Question

Find the ratio in which the x-axis divides the line segment joining the points (−6, 5) and (−4, −1), Also, find the point of intersection.

Answer 1

Let the points be (−6, 5) and (−4, −1).

Let point P be the required point.

Now, we have to find the ratio.

Let the ratio be k : 1.

Hence, 

m₁ = k, m₂ = 1

x₁ = −6, y₁ = 5

x₂ = −4, y₂ = −1

y = 0, Finding the y coordinate using the section formula.

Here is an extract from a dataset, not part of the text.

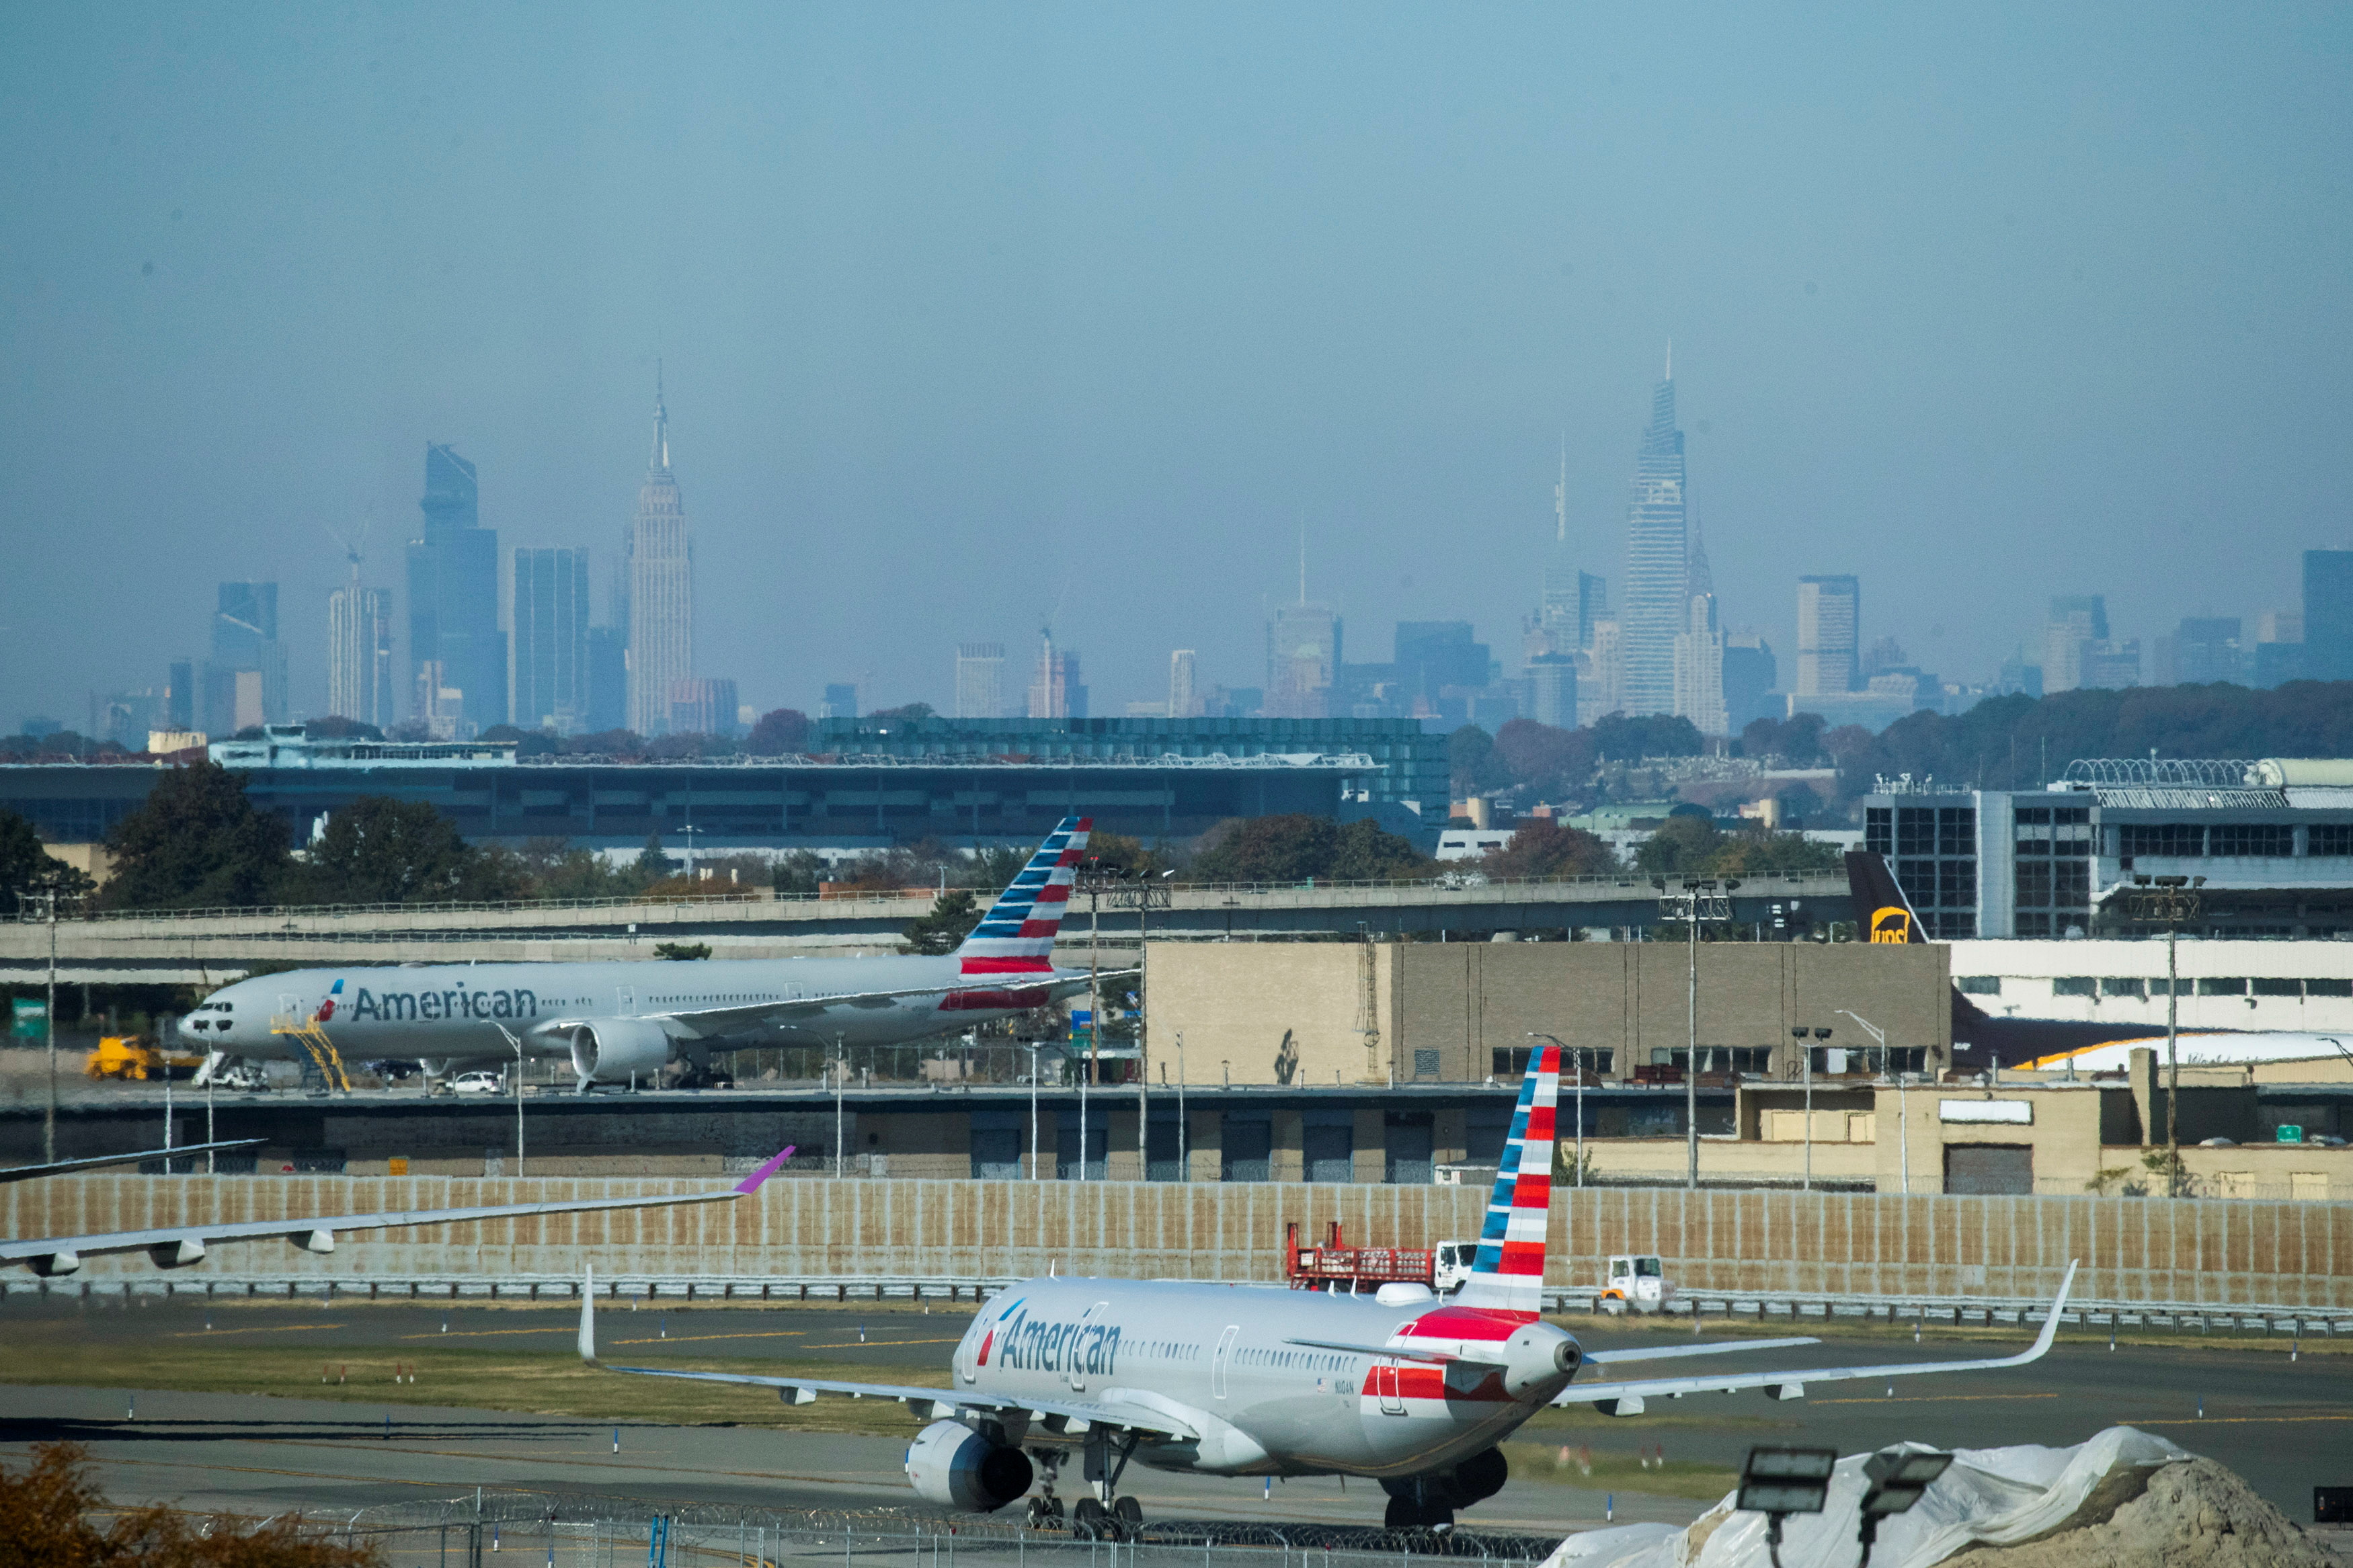 American Airlines planes taxi on the tarmac as the skyline of New York City is seen in the background from the JFK International Airport in New York, U.S.,  November 8, 2021. REUTERS/Eduardo Munoz/File Photo

y = `(m_1  y_2 + m_2  y_1)/(m_1 + m_2)`

0 = `(k(-1) + 1(5))/(k + 1)`

0 = `(-k + 5)/(k + 1)`

0(k + 1) = (−k + 5)

0 = −k + 5

k = 5

Hence, k = 5

Now, use the same ratio (k = 5) to find the x-coordinate.

x = `(m_1  x_2 + m_2  x_1)/(m_1 + m_2)`

= `(k(-4) + 1(-6))/(k+1)`

= `(5(-4) + 1(-6))/(5+1)`

= `(-20-6)/6`

= `(-26)/6`

= `(-13)/3`

Hence the coordinate of point is P(x, y) = P `((-13)/3, 0)`.